"In the twentieth century about to end, the great civilizer on earth seems to have been doubt. Doubt, the constantly debated and flexible inner condition of theological uncertainty, the wish to believe in balance with rueful or nervous or grieving skepticism, seems to have held people in thrall to ethical behavior, while the true believers, of whatever stamp, religious or religious-statist, have done the murdering. The impulse to excommunicate, to satanize, to eradicate, to ethnically cleanse, is a religious impulse. In the practice and politics of religion, God has always been a license to kill. But to hold in abeyance and irresolution any firm conviction of God, or an afterlife with Him, warrants walking in His spirit, somehow. And among the doctrinaire religious, I find I trust those who gravitate toward symbolic comfort rather than those who reaffirm historic guarantees. It is just those uneasy promulgators of traditional established religion who are not in lockstep with its customs and practices, or who are chafing under doctrinal pronouncements, or losing their congregations to charismatics and stadium-filled conversion performers, who are the professional religious I trust. The faithful who read Scripture in the way Coleridge defined the act of reading poetry or fiction, i.e., with a "willing suspension of disbelief...."

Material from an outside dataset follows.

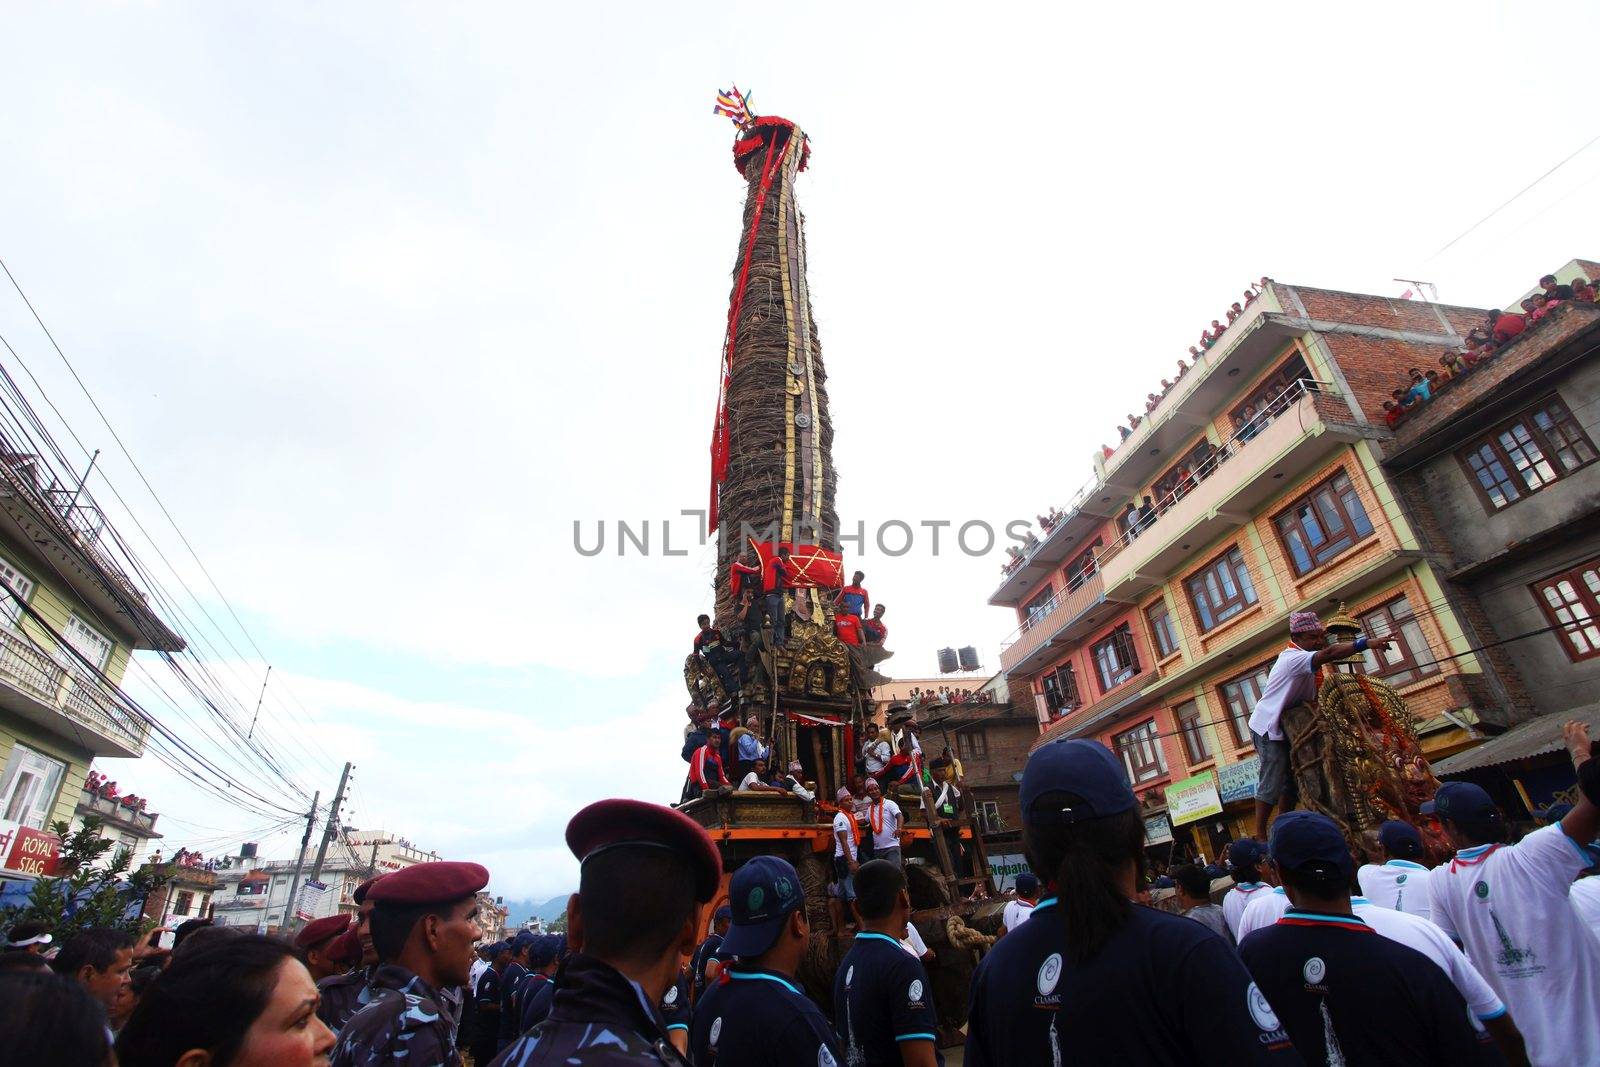 NEPAL, Patan: The restored chariot makes its way through Patan, Nepal as Hindu and Buddhist devotees celebrate the festival of rain god Rato Machindranath on September 22, 2015. The festival takes place each April, but was delayed this year after a devastating earthquake damaged the chariot that devotees pull through the area in the hope of securing a good harvest.
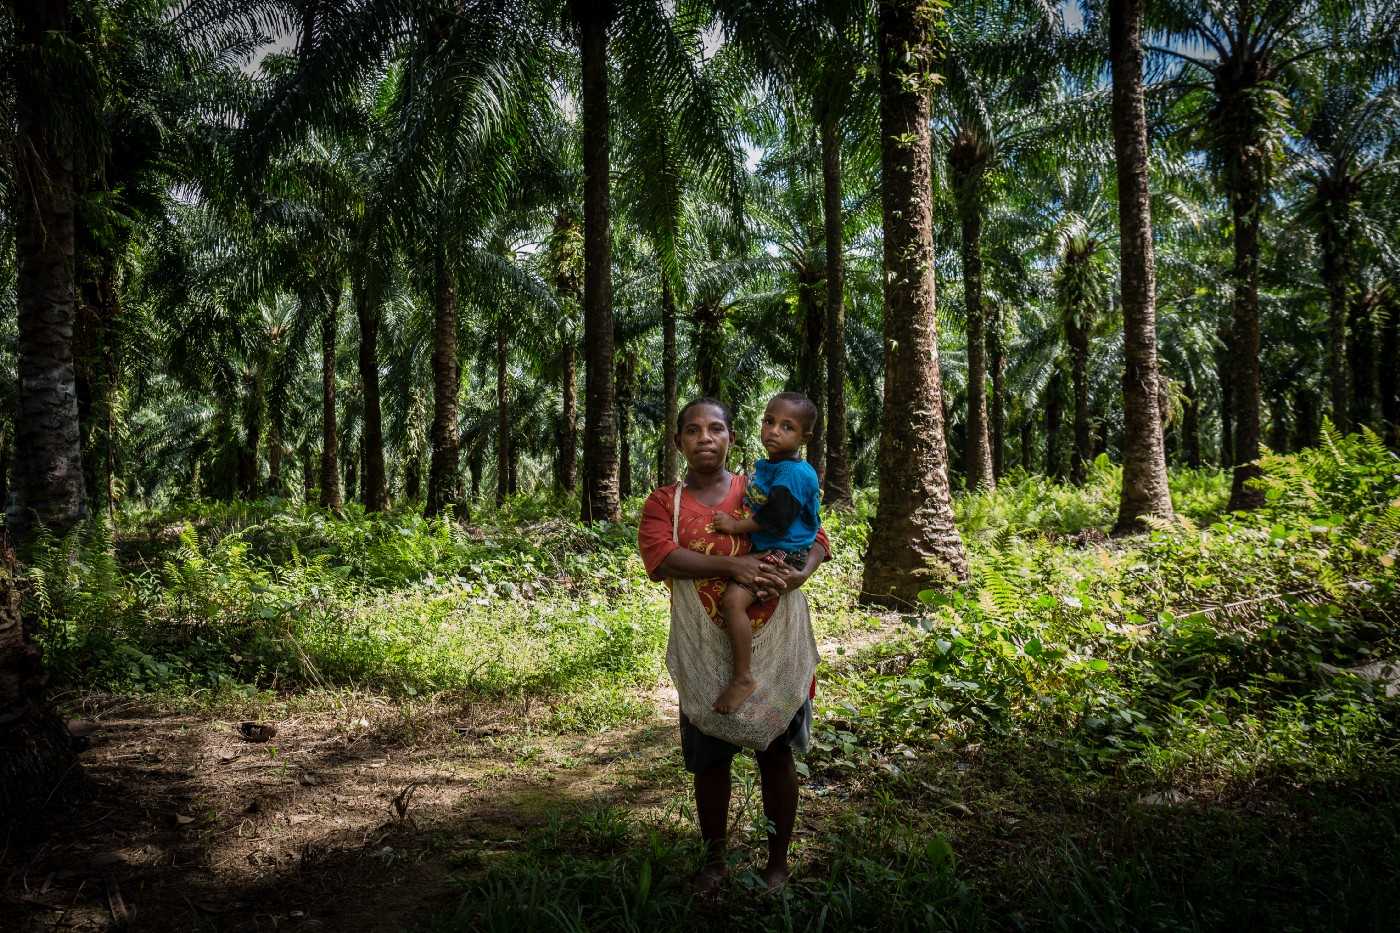 Angelina Ketang, 29, works as a labourer in an oil palm plantation.

Suppose then that in the context of a hallowed secularism, the idea of God could be recognized as Something Evolving, as civilization has evolved - that God can be redefined, and recast, as the human race trains itself to a greater degree of metaphysical and scientific sophistication. With the understanding, in other words, that human history does show a pattern at least of progressively sophisticated metaphors. So that we pursue a teleology thus far that, in the universe as vast as the perceivable cosmos, and as infinitesimal as a subatomic particle, has given us only the one substantive indication of itself - that we, as human beings, live in moral consequence.
In this view the supreme authority is not God, who is sacramentalized, prayed to, pleaded with, portrayed, textualized or given voice, choir, or temple walls, but God who is imperceptible, ineffable, except ... for our evolved moral sense of ourselves. ~ Sarah Blumenthal's Address to the Conference of American Studies in Religion, Washington, D.C. - City of God, E.L. Doctorow.